On Doubting

Part of the trouble with being afforded so many options is having so many options.  How could you ever be sure you made the right choice when there are so many things to choose from?

I often find myself playing the shoulda, coulda, woulda game.  I must subconsciously like it a lot more than I think I do, because I play it all the time.

I wonder how much energy each of us expends over the course of our lives second guessing ourselves?  My guess is it would be an uncomfortably large amount.

And we aren’t content to just second guess.  We dwell.  We beat ourselves up.  We convince ourselves that we made the wrongest decision in the history of wrong decisions.

But we didn’t.  We made the right decision for the life we are living right now.  And if we don’t like that life, than we should do something differently.  And if that doesn’t work, do it again.  Lather. Rinse. Repeat.

So here’s my proposal.  We should stop digging our own ruts.  We should stop undermining our own progress.  We should stop sabotaging our own happiness.

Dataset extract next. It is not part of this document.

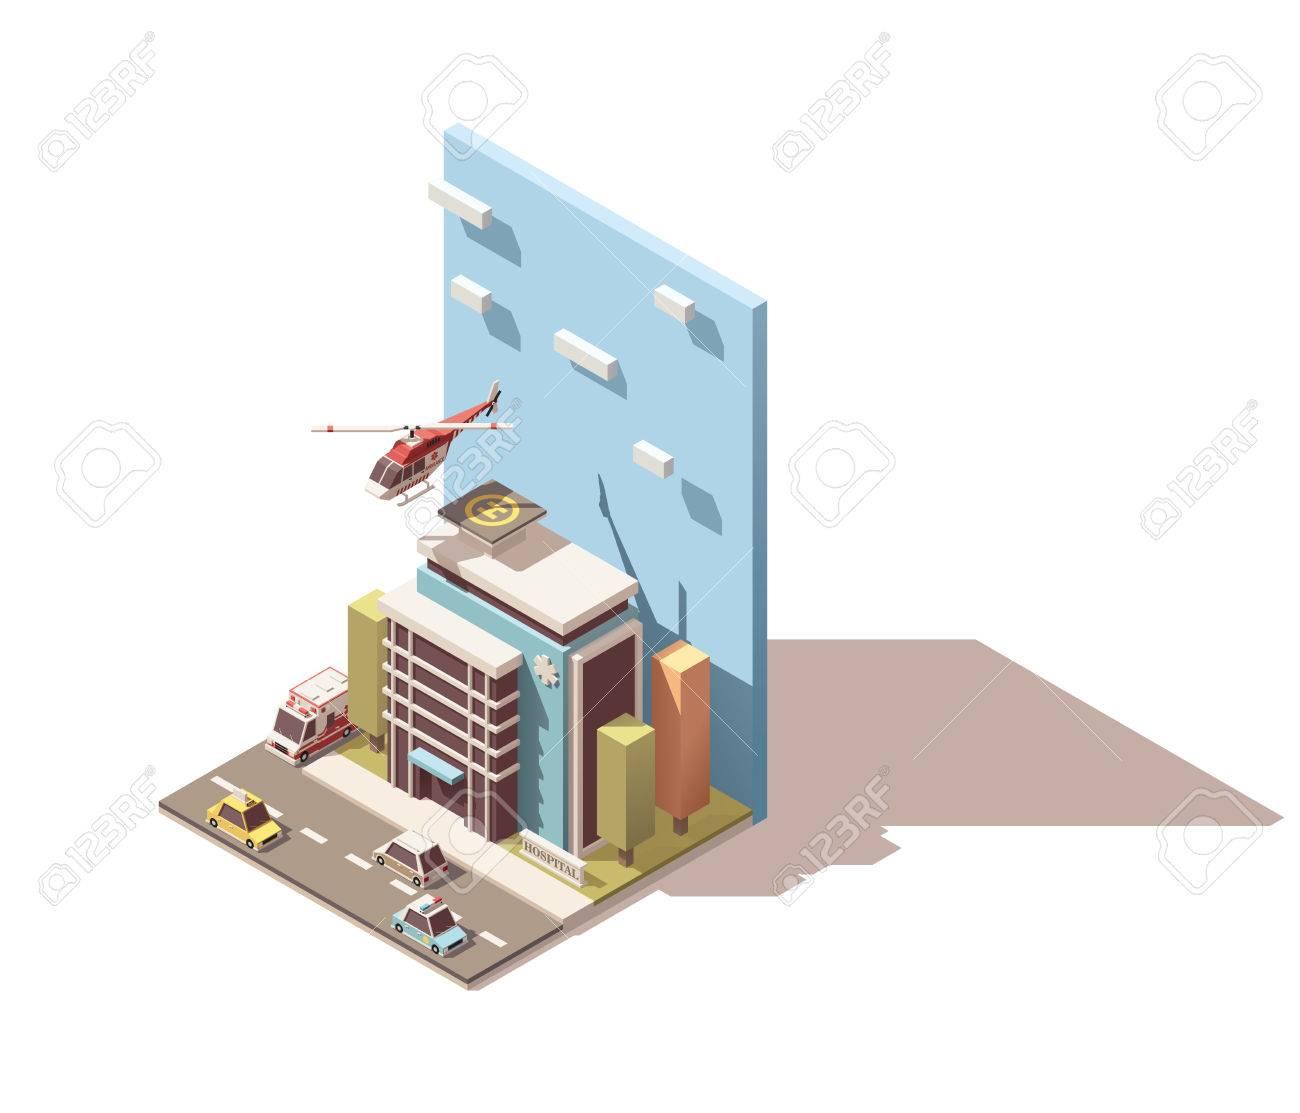 ベクター等尺性のアイコンまたはインフォ  グラフィック要素病院や救急車を表すの関連イラスト。等尺性救急バン、ヘリ、病院やクリニックの建物、道路、ストリート要素が含まれています
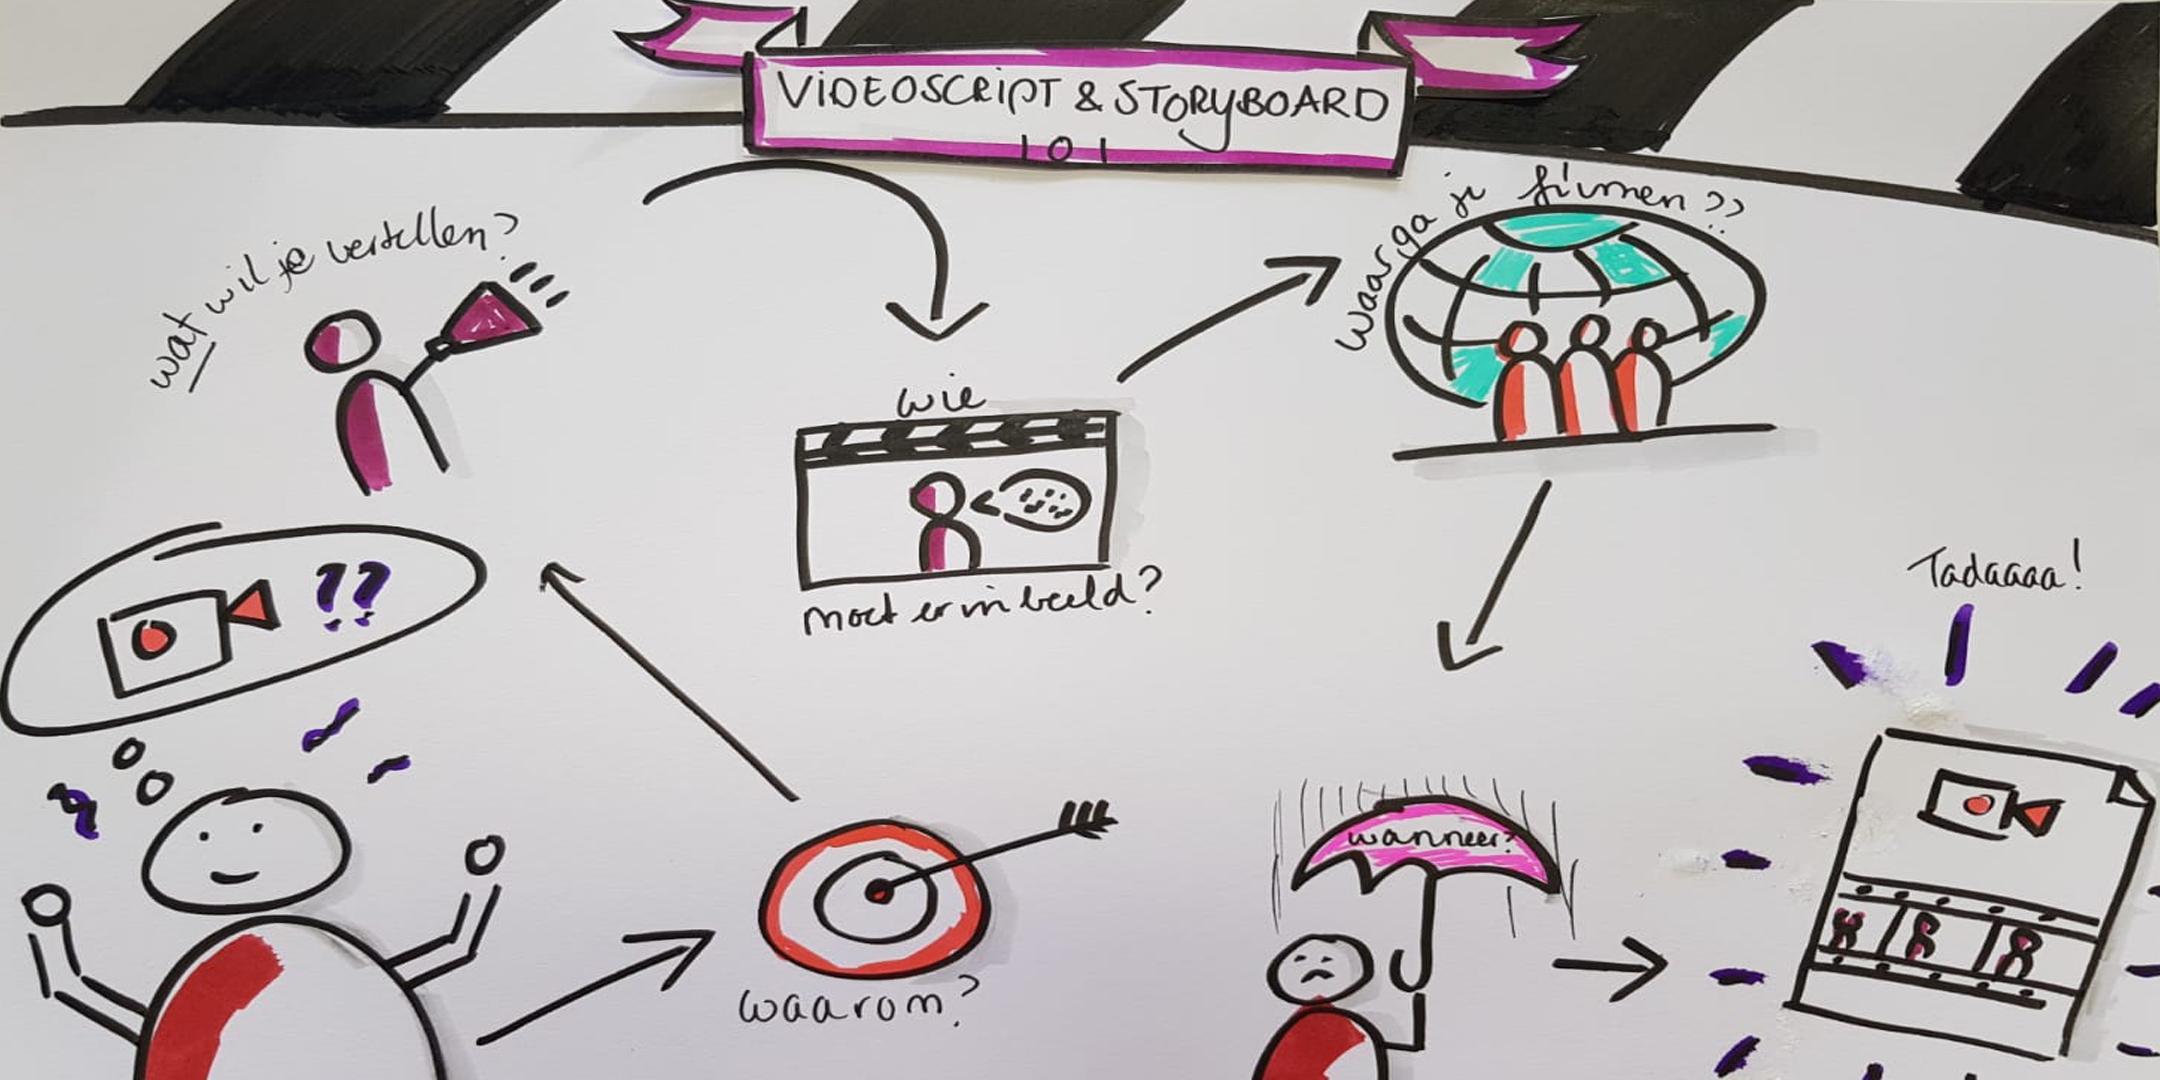 De video-uitdaging aangaan: script & storyboard|De video-uitdaging aangaan: script & storyboard|De video-uitdaging aangaan: script & storyboard|De video-uitdaging aangaan: script & storyboard-[tag] 5|De video-uitdaging aangaan: script & storyboard-[tag] 6

Instead we should live for the future.  We should not be afraid to make mistakes.  And when we make mistakes, we should acknowledge them, take the lesson offered and leave the rest in our wake.  We should continue to grow and to change.  We should laugh in the face of adversity, smile when the going gets tough and revel in how much life exists in hard lessons.

Let’s face it, life is short.  If you spend the majority of it ruminating and how badly you’ve done it so far, you’re squandering your opportunity to do it better.  So just do it better.